1915 short story by Ivan Bunin

"The Gentleman from San Francisco" (Господи́н из Сан-Франци́ско) is a short story by the Nobel Prize-winning Russian author Ivan Bunin, written in 1915 and published the same year in Moscow, in the 5th volume of Slovo (Word) anthology. Translated into English by D. H. Lawrence (with Samuil Koteliansky), the story is one of Bunin's best known and regarded as classic.

== Background ==

Bunin recollected the circumstances that led to the story's inception in a brochure called "The Origins of My Stories", compiled and published by P. Vyacheslavov. Thomas Mann's Death in Venice book sleeve, which had caught Bunin's eye in one of the Moscow book shops, served as a starting point for the story's associative chain. Some time later in Oryol Governorate it came back to him again, this time linked to the sudden death of a certain American citizen which occurred on the island of Capri. "Almost instantly the idea of a story [called initially] "Death on Capri" came to me and in four days I finished the piece. Everything else, San Francisco included, was pure fantasy. Nothing in it was real apart from the fact that once a certain American had really died after dinner in Quisisana hotel", Bunin wrote.
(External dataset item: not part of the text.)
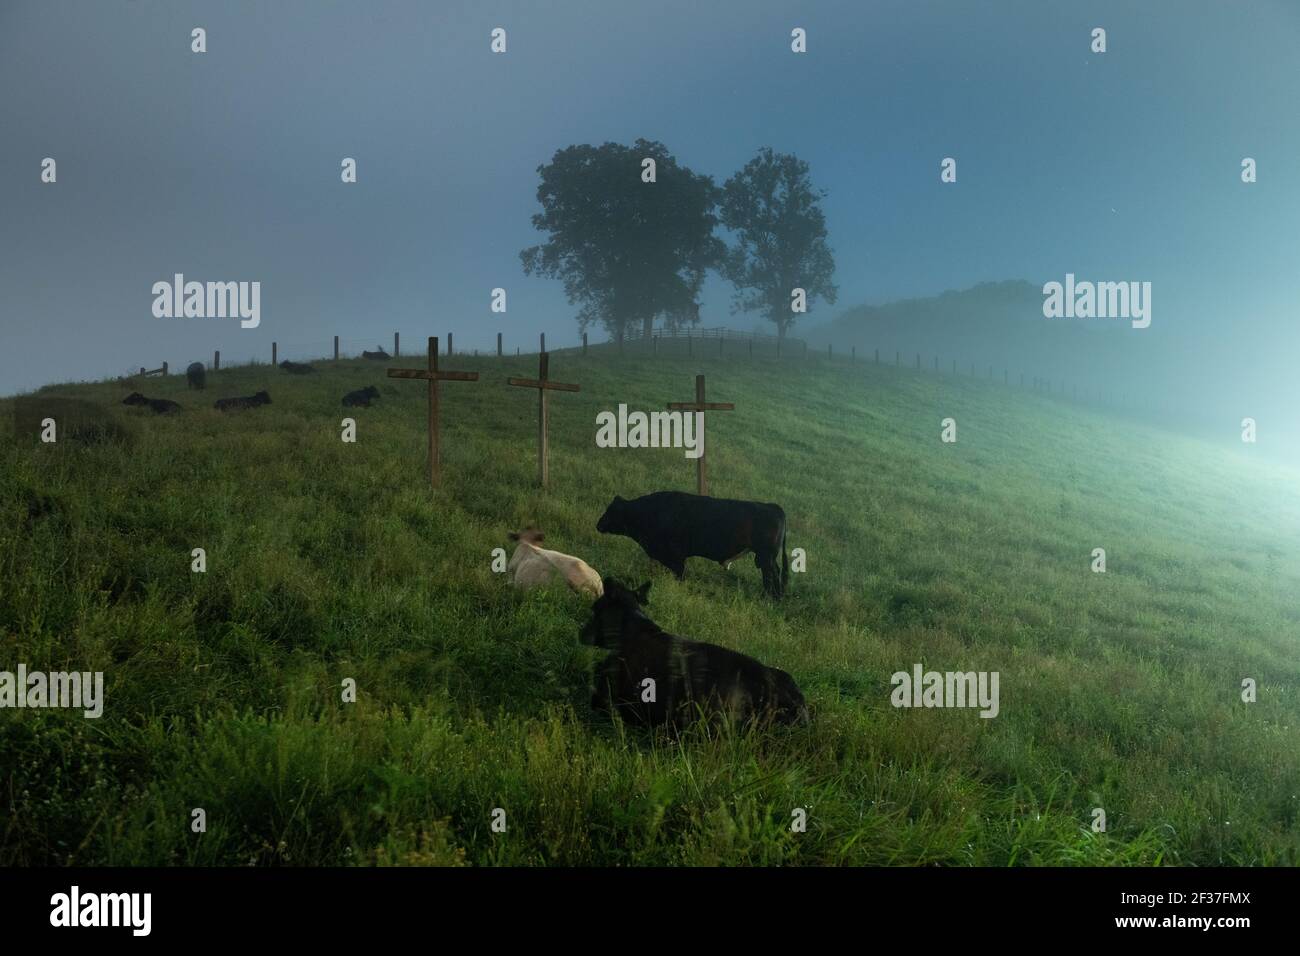 Cattle in a Foggy Field Amongst Crucifxes Stock Photo

The rough copies and alternative versions of the story show the dynamics of its ever-changing history. Over the years Bunin, driven (in Chekhov's words) by the "brevity mania", was methodically cutting the text down in size (the last bout of such activity lasted from 1951 to the early 1953). Among the fragments cut were one lengthy description of a "Belshazzar feast" on board the Atlantida ship and a Tolstoyan monologue which the author deemed, apparently, too straightforward in its condemnation of the main character's way of life.

== Synopsis ==

A 58-year-old American from San Francisco, having acquired a great fortune, sets off with his wife and daughter on a world tour. After a luxurious cruise, they arrive in Naples, where he is dismayed by the unusually bad winter weather and finds that the city does not meet his expectations. They then go to Capri, where he abruptly dies in the lobby of his fancy hotel, causing a stir among the rich clientele. The second half of the story is concerned with the change in the once-deferential staff's attitude towards the gentleman, and in the dehumanizing way in which his body is treated as it makes its journey out of Italy.

== Critical reception ==
Upon its release the story was widely discussed and generally praised in the Russian press. According to critic Abram Derman, after Chekhov and Tolstoy's respective deaths nothing worthy of notice appeared in the Russian literature at all, up until "The Gentleman from San Francisco" release. "Bunin has developed greatly as an artist over the last few years, mainly by widening enormously his emotional scope. There is not a shade of irritation in his dislike of the American gentleman; his antipathy is embracingly wide, to a huge creative effect. With solemn, saintly sadness the author created one massive portrait of the global evil; the vast landscape of general sinfulness in which a proud modern man with an old heart habitates. And for the reader – the author's coldness towards his character feels not only well justified and logical, but very beautiful," Derman wrote in 1916. He found most remarkable the style of the story too, speaking of "rhythmic metallic beat of flawless, loaded phrases reminding... rhythms of resonating bells; richness and chastity of language where there's not a single word that would be either missing or superfluous."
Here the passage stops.